IARPA announces winners of its ASpIRE challenge
The Intelligence Advanced Research Projects Activity (IARPA), within the Office of the Director of National Intelligence (ODNI), announced on September 10 the winners of its speech recognition challenge, Automatic Speech recognition in Reverberant Environments (ASpIRE). The winning teams from the Johns Hopkins University, Raytheon BBN Technologies, the Institute for Infocomm Research, and Brno University of Technology will share $110,000 in prizes.
Typically, speech recognition systems are ‘trained’ on speech recorded in environments very similar to the environments in which they are expected to be used.

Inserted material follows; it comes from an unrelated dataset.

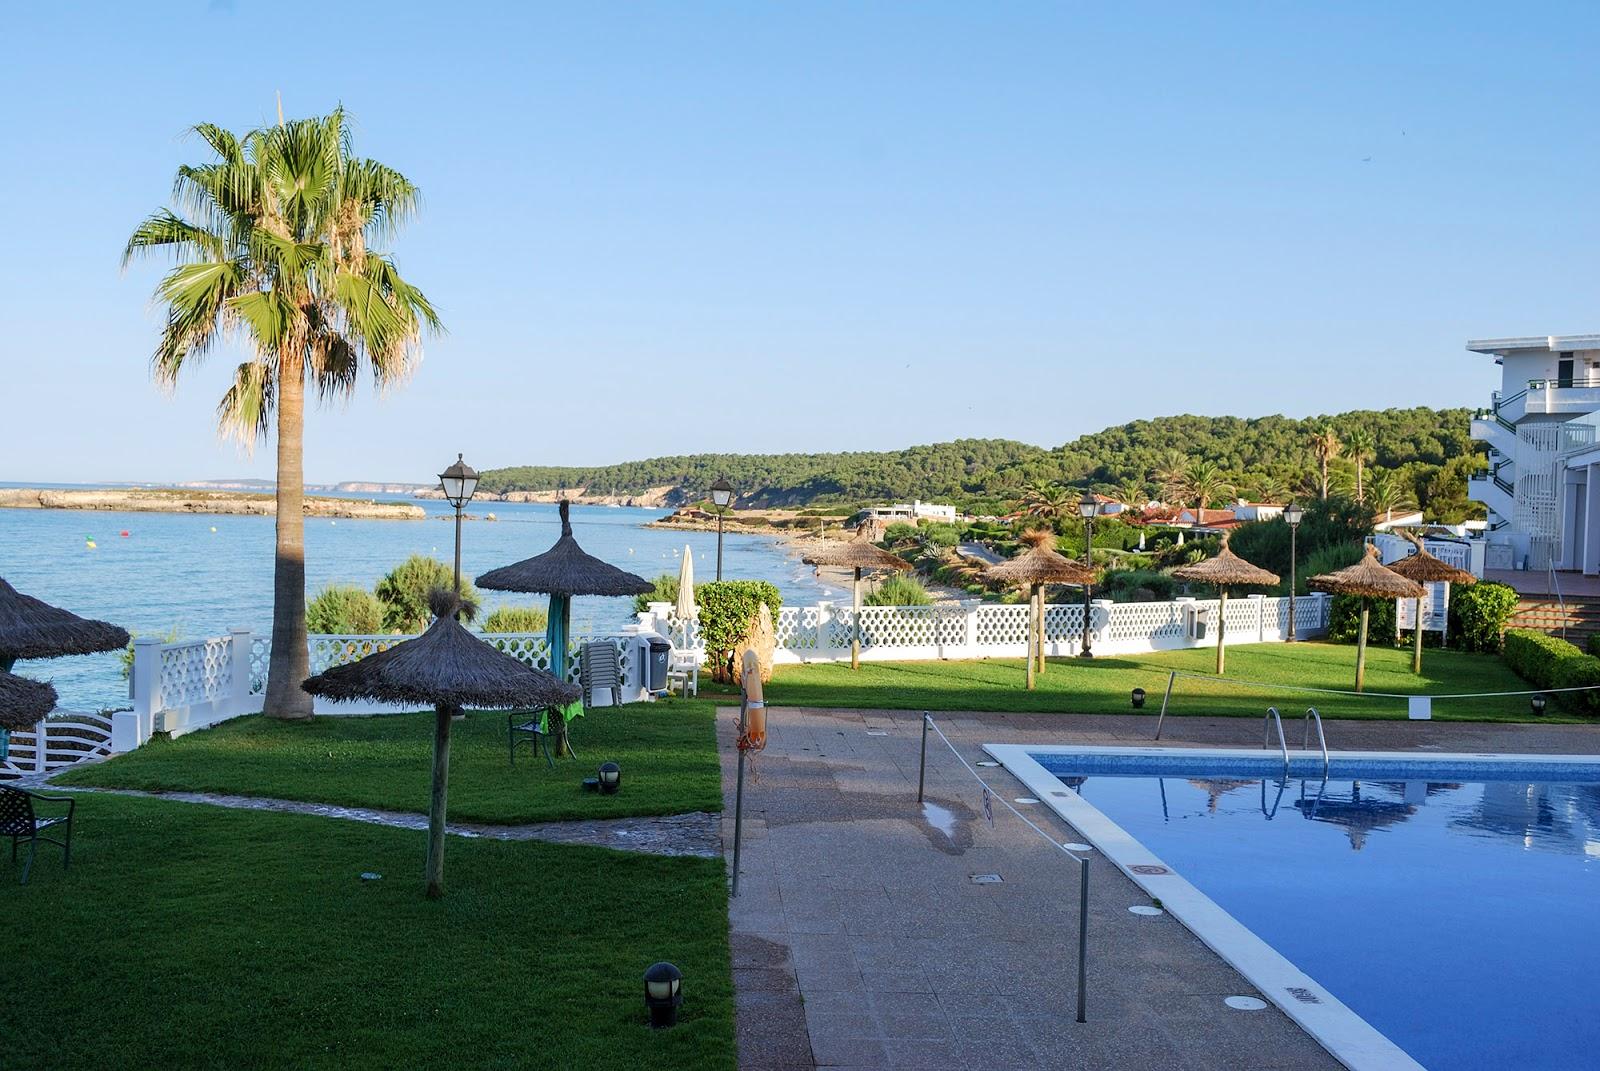 Sol Beach House Menorca Spain Melia Hotel swimming pool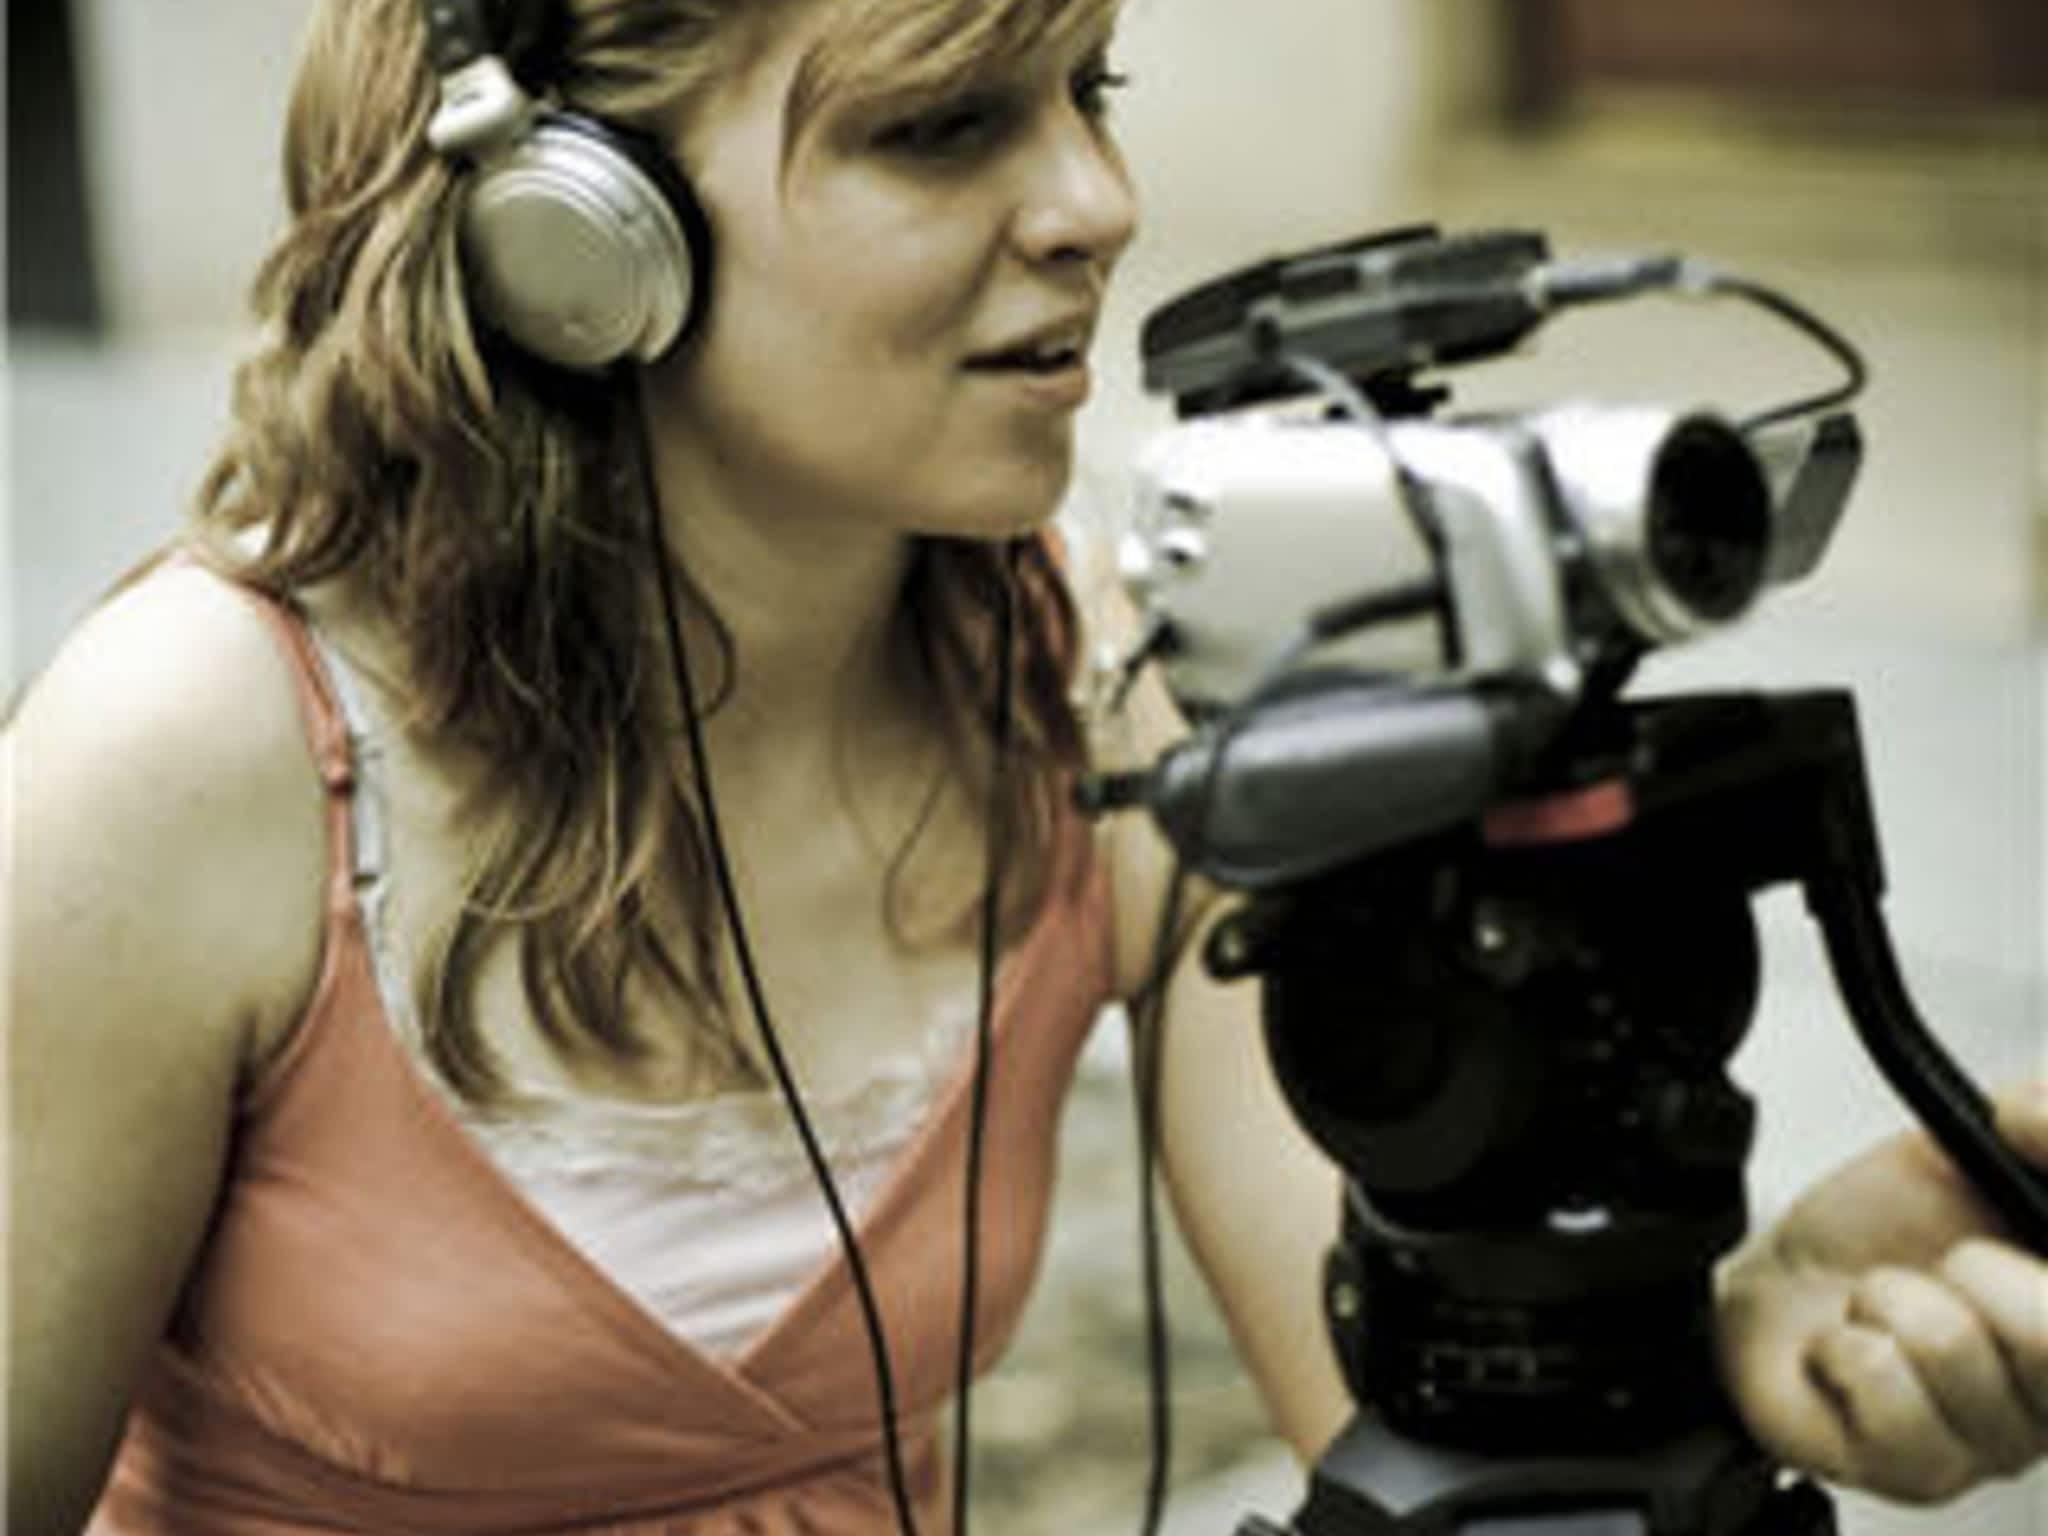 photo Hamblen's Audio / Video Service

The ASpIRE challenge contestants tackled a harder problem: building accurate systems for automatically transcribing speech recorded in noisy and reverberantenvironments without knowing anything about the recording devices or the acoustics of the space, and without training data that resembled the contest’s test conditions. At the start of the challenge, contestants were given a telephone speech to develop and train their systems over a period of roughly three months. Their systems were tested on very different speech recordings collected in noisy rooms with various sizes, shapes and microphone configurations. The ASpIRE challenge was uniquely challenging because of this kind of mismatch between training data and test data.
The speech data were collected by Linguistic Data Consortium. Appen Butler Hill transcribed the microphone recordings. MIT Lincoln Laboratory and IARPA together evaluated results. InnoCentive managed the challenge website including maintaining a leaderboard.
Challenge entries were scored under two evaluation conditions with equivalent background noise and reverberation:
- The Single Microphone Condition tested accuracy of speech recognition on recordings from single microphones selected arbitrarily from among six microphones placed in the room.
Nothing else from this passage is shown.